My father, now deceased, was a physician who was given a train set a piece at a time by one of his sales reps who sold Anaprox. The company that sold Anaprox was Syntex. Each car except the engine and caboose has the Anaprox name and Syntex logo on it.  I am just curious as to how old this set really is. I know it is older than 23 years because that is how long ago he retired. I suspect it is 30 or more years old. Any ideas?

ACY

About 20-25 years ago the drug companies stopped giving out the myriad of free stuff to physicians and pharmacists. So it definitely is at least that old. However it would not be more than 30 years old most likely in my opinion. It is most likely about 23-25 years old, unless your father got it after he retired, in which case I would think it might only be 20 years old. At any rate, the set is only of sentimental value, it holds no monetary value because it is cheaply made and has the name of a drug company on all the rolling stock. If you upload some pictures to photobucket and share them here, we might be able to tell you more information.

skswift

I have taken a picture of the set with my iPhone. How do I attach it to this discussion?

jonathan

SKSwift,

You need a photobucket or Flikr account to upload photos.

You can look up the set "Syntex" on ebay.  I just did, and there is an 'n' scale listing for this set.

Usually, there is no real historical record of model railroad equipment offered down through the years... unless the equipment is brass OR some private person has taken on the task of gathering records.  Some great folks in the Large Scale world have taken this on.  I don't know of any n scalers who do this.

The website "HOSeekers" can help with really old equipment... sometimes.

Regards,

Jonathan

skswift

Thanks Jonathan.

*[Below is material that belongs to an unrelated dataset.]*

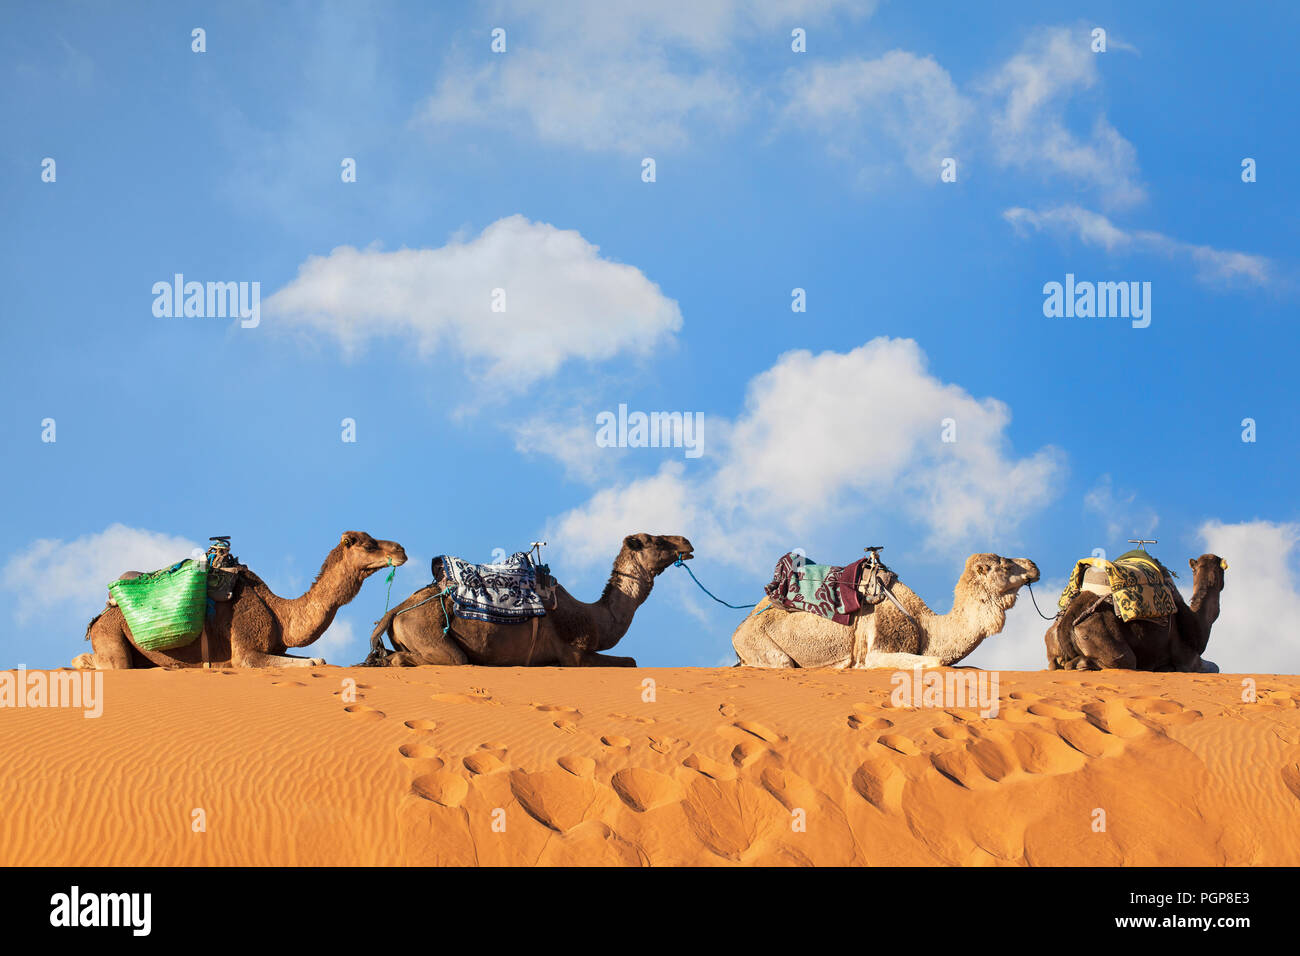 Camels with saddles sit in a row on a sandy ridge in the Sahara. Blue sky with puffy white clouds in the background. Close shot. Location: Morocco Stock Photo

I watched a video on you tube from Bachmann trains, and the HO scale he was using looked quite a bit bigger that this train...so maybe this is an N scale.

doug c

measure the dist between the backs of the primary (driver) wheels on the locomotive   that will very likely help ya define the scale !

ex. roughly 1.575" = G gauge !


imho

doug c
"G-Gauge may not RULE, But it GROWS on Ya !! "     djc'99

Doneldon

swift-

Measure the distance between the rails of your track and give us the number. That will permit us to tell you definitively and immediately what is the scale of your train.